June is Men’s Health Month, a reminder for men to do the things that they generally don’t do as well as women: getting screened for conditions that, detected early, are easily treated; seeking education about health issues, and supporting each other’s well-being.
If being happier with good health isn’t enough, then men should consider the extraordinarily high medical cost of poor health – especially during the retirement years, says insurance industry expert Chris Orestis.
Just one health incident can wipe out an individual’s savings, leaving little money for living expenses. That can mean a major loss of independence, from having to move in with a son or daughter or worse. Baby Boomers, who are retiring in droves, have about 8 percent less wealth than those 10 to 15 years older than them, partly because of the recent recession.
In addition to taking care of their health, retired and soon-to-be-retired men can avoid flirting with poverty by exercising some financial options.
• Hold off on collecting Social Security until age 70. The life expectancy for men today is 76, an increase from past years, and it’s expected to continue to climb. If you’re worried about outliving your money, hold off on collecting Social Security benefits early (age 62), which results in up to 30 percent less benefits. People born from 1943 to 1959 are eligible for full benefits at 66, and those born in 1960 or later are eligible at 67. However, if you wait until age 70, you can receive up to 8 percent more in benefits.

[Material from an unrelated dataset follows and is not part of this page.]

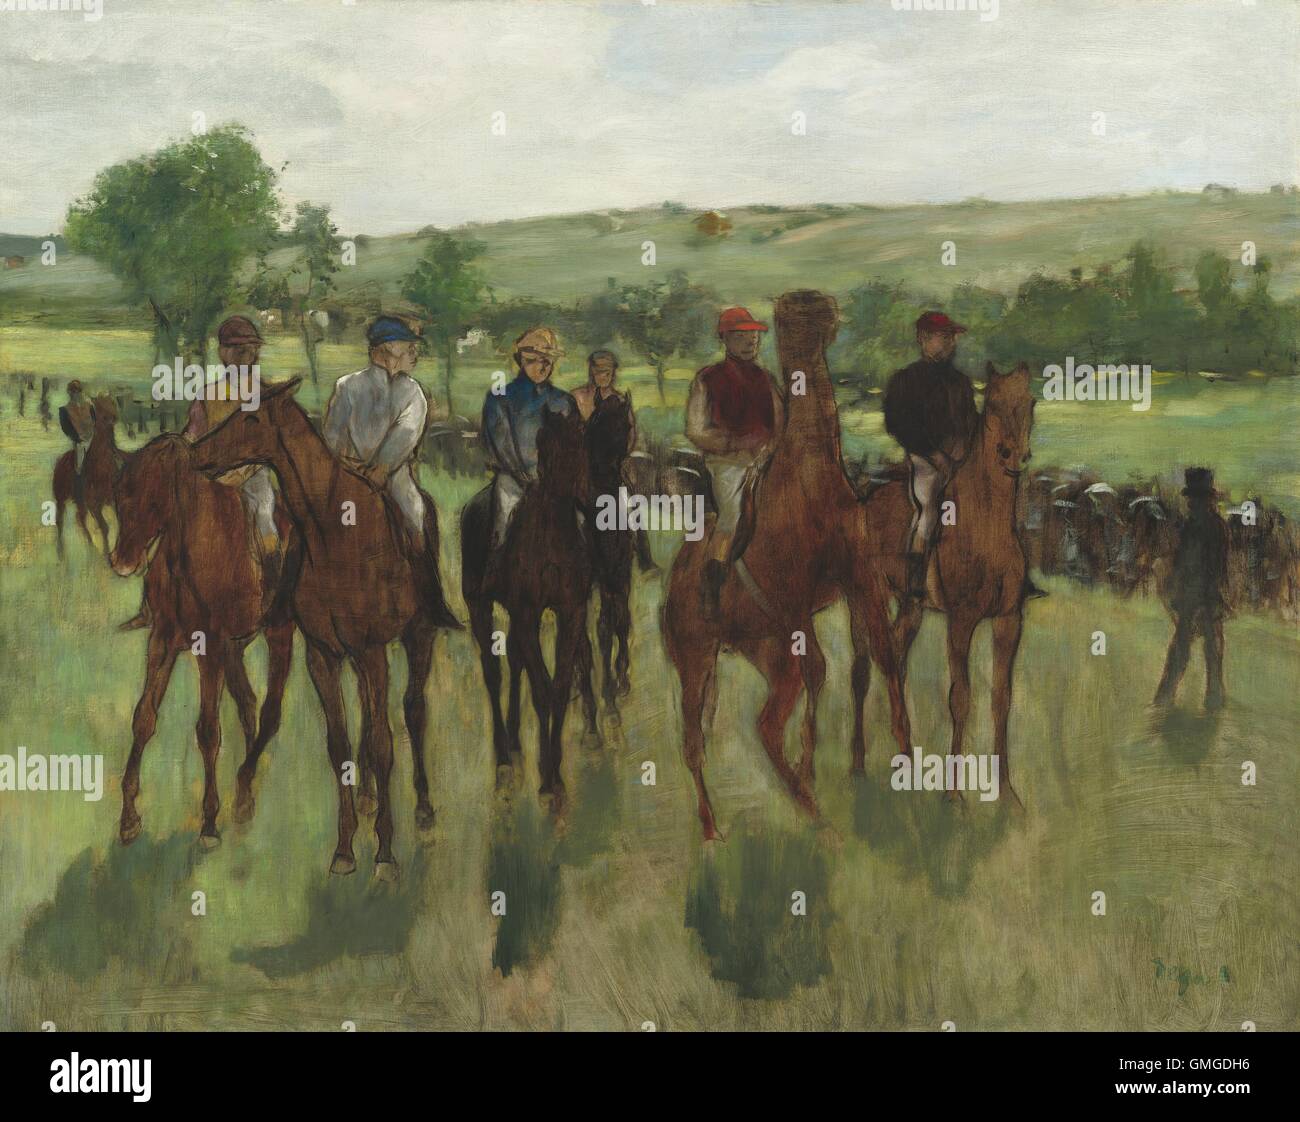 I Cavalieri di Edgar Degas, 1885, impressionista francese pittura, olio su tela. Degas catturato un momento di passaggio con il movimento dei cavalli e i colori dei fantini' uniformi (BSLOC 2016 5 157) Foto Stock

• Turn your life insurance into a long-term care fund. Instead of abandoning a life insurance policy because you can no longer afford the premiums, policy owners can convert a portion of the death benefit value into a long term care benefit plan. The money is deposited into a fund earmarked for paying for private duty in-homecare, assisted living, skilled nursing, memory care and hospice care. By converting a life insurance policy, a senior does not have to resort to Medicaid and the many restrictions that come with it, but will still be Medicaid-eligible when the benefit is spent down.
• Consider investing part of your portfolio in fixed-rate indexed annuities: Having all of your retirement savings in stocks exposes retirees and pre-retirees to too much risk. As you get closer to retirement age, it’s important to find alternatives that provide for growth while protecting savings. Fixed-rate indexed annuities – money loaned to an insurance company that guarantees payments over a specified length of time — allows you to forecast the income you’ll generate. Fixed-rate indexed annuities have a ceiling on interest rates, but they also have a floor. Your principal is safe and you can ride an up market without the risk.